Proprioception is always included in the observation space under the entry observation
. Relative joint position of all joints beginning with "robot:" are also always included. Potential additional outputs in the current implementation include joint velocities, torques and limit sensors. These are all computed directly, with no noise or filters. Torques are full 3D torques on the whole joint, not just the particular axis. The limit sensors have a linear response from 0 to 1 and beyond when approaching within ~2° of the limit and beyond it.
Parameter structure: A dictionary with an entry "components" listing each of the proprioceptive components that should be calculated an included in the output. Valid components can be taken from the VALID_COMPONENTS
attribute. The output of the obs function is a simple flattened array of all these components.
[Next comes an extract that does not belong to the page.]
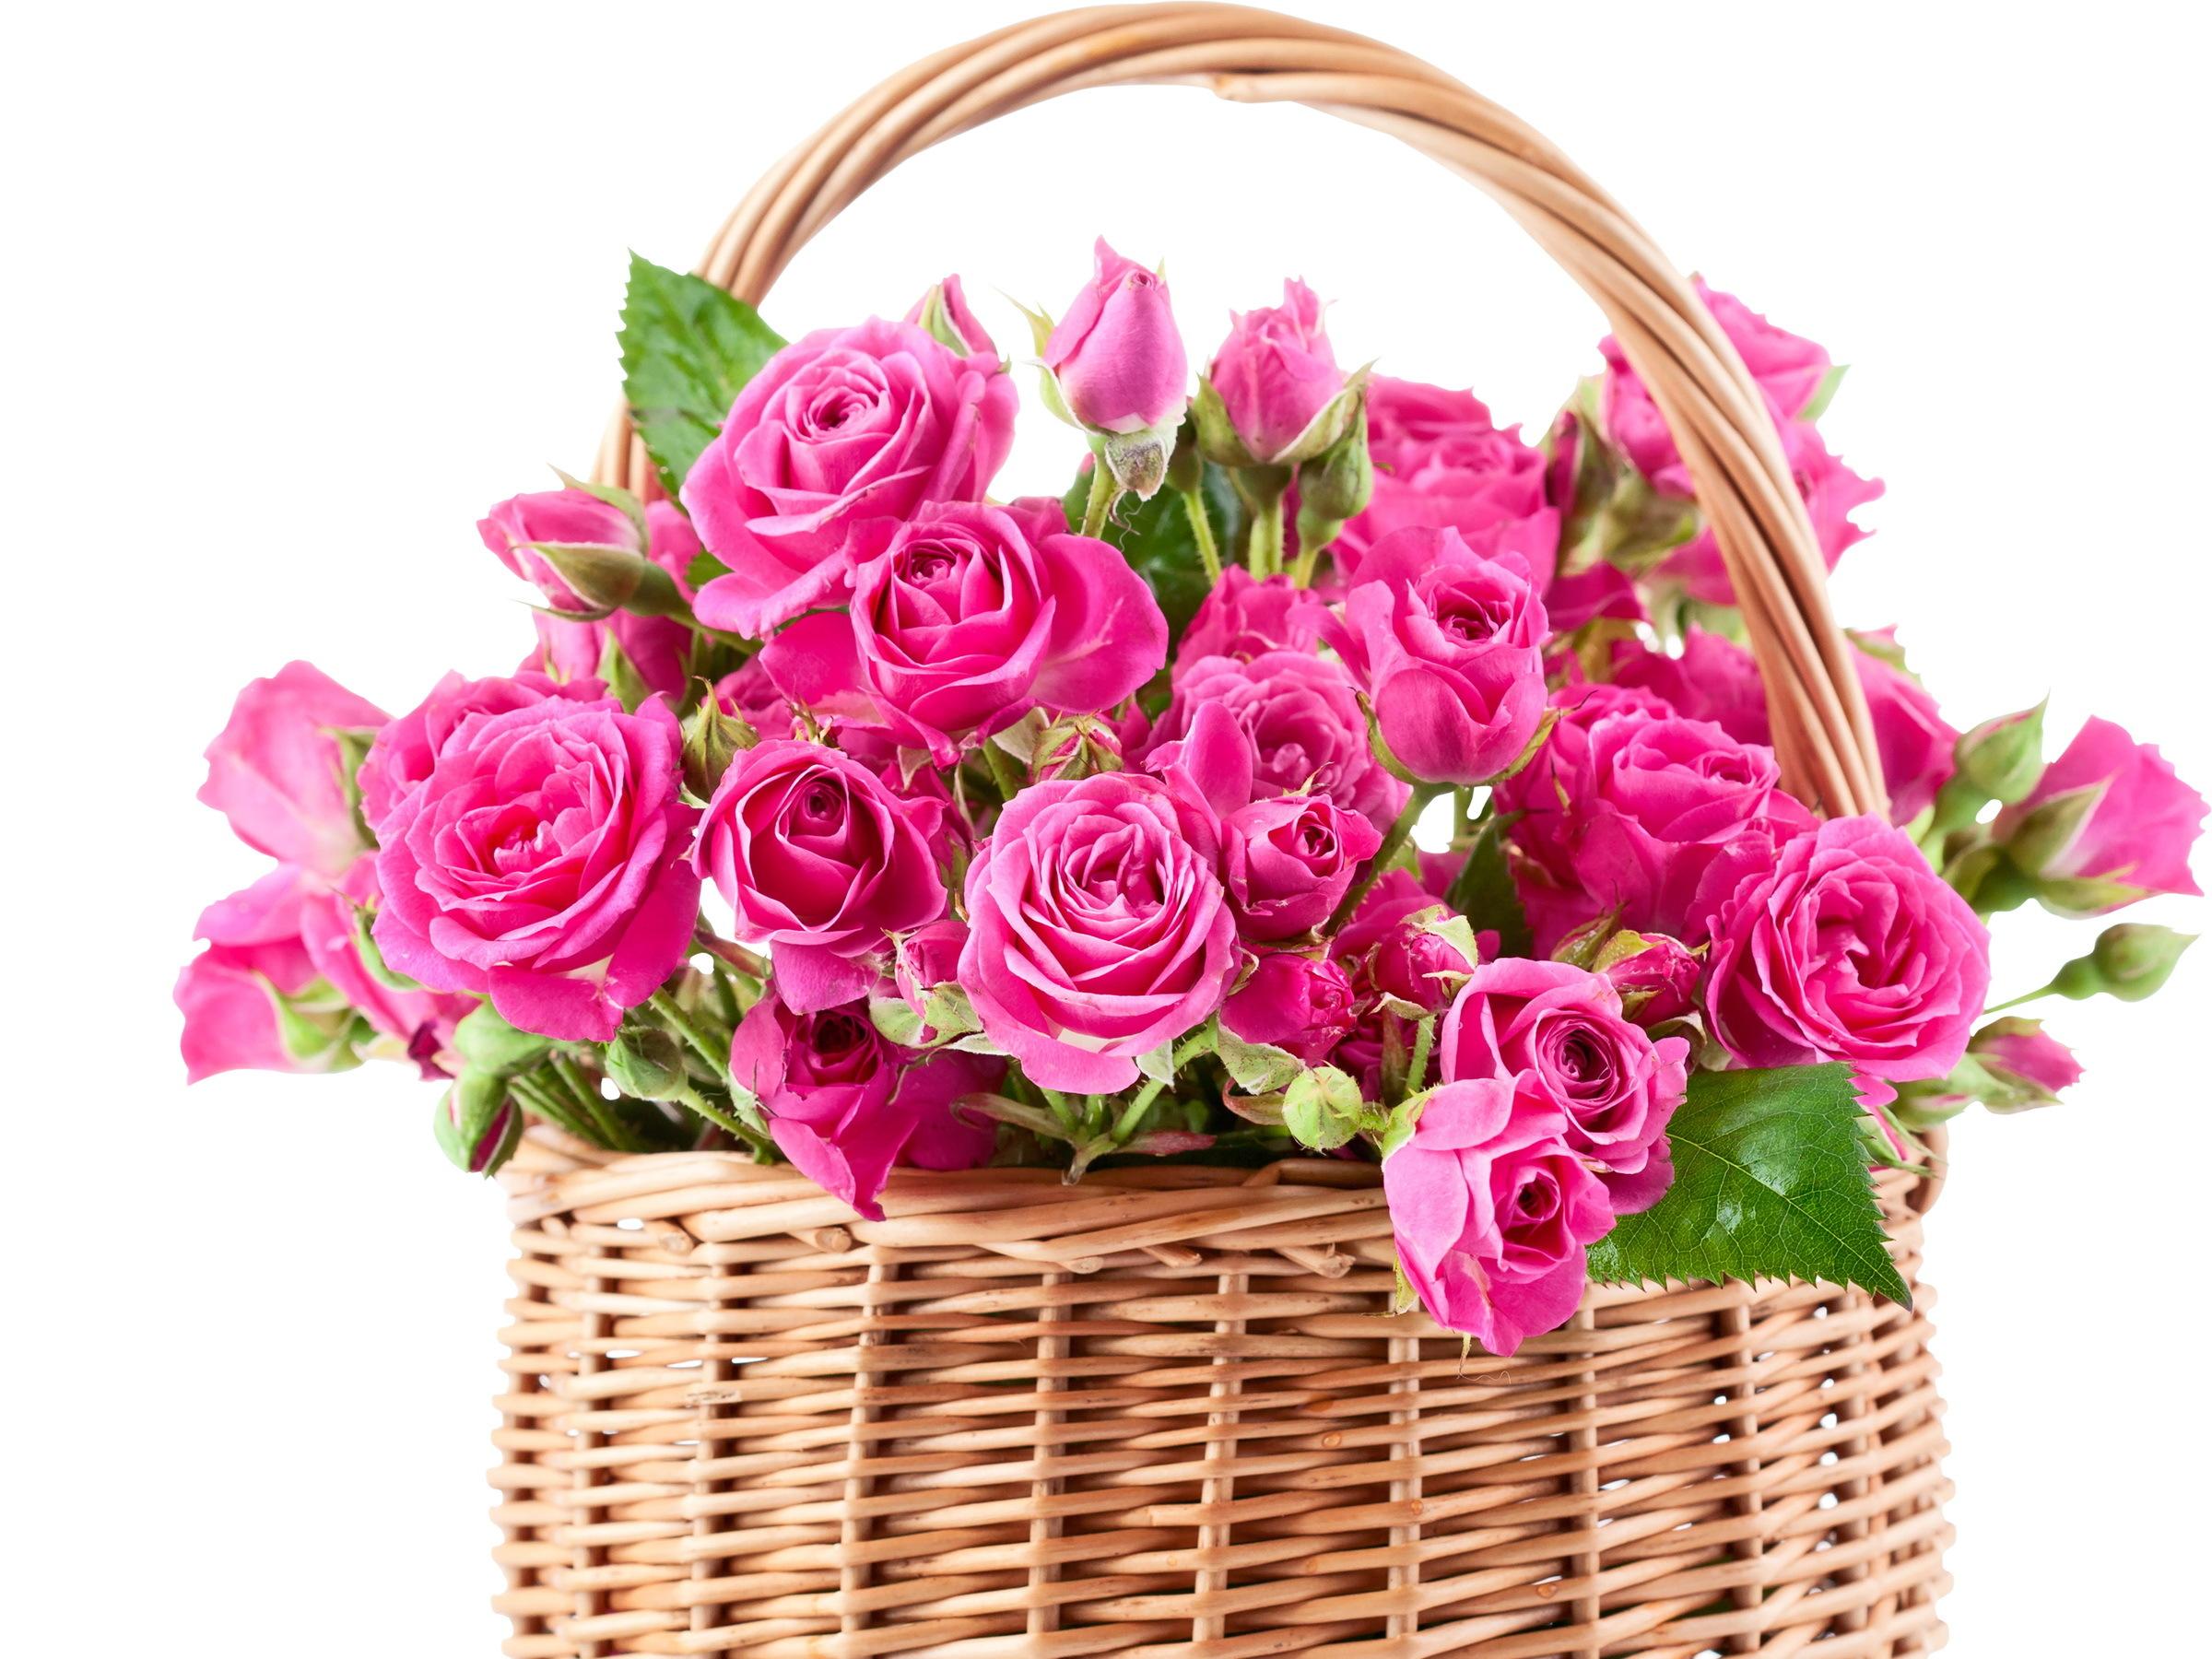 Цветы в корзине картинки красивые, поздравление свадьбой

We currently only have a simple implementation consisting of a gyro and accelerometer located in the head, providing full 3D rotation and acceleration. The output consists of those sensor readings directly, with no noise or filtering.
Parameter structure: A dictionary with an entry "sensors" listing the names of the sensors in the MuJoCo XML to use for the output. These must actually exist in the XMLs or an error will be raised.
The current implementation consists of two cameras located at the eyes with which images can be rendered. The vertical fov is set at a fixed 60°, with the horizontal adjusted based on the rendering resolution. All of the cameras listed in the configuration are rendered at their defined resolution and then put into their own separate entry in the observation dictionary named after the camera.
Parameter structure: A dictionary as below, with the camera names in the XML as keys and values which define the rendering resolution.
{
"eye_left": {"width": 256, "height": 256},
"eye_right": {"width": 256, "height": 256},
}
We provide several sample environments with some simple tasks for demonstration purposes. These come with both an openAI environment in mimoEnv/envs
as well as simple training scripts using stable-baselines3, in mimoEnv
. These environments include:
reach
- A stripped down version where MIMo is tasked with reaching for a ball hovering in front of him. By default only the proprioceptive sensors are used. MIMo can only move his right arm and his head is manually fixed to track the ball. The initial position of both the ball and MIMo is slightly randomized.standup
- MIMo is tasked with standing up. At the start he is in a low crouch with his hands gripping the bars of a crib. Proprioception and the vestibular sensors are included by default.test
- This is a simple dummy environment set up to demonstrate and visualize most of the sensor modalities. MIMo is set to fall from a short height. During this, the visual and haptic outputs are rendered and saved to hard drive.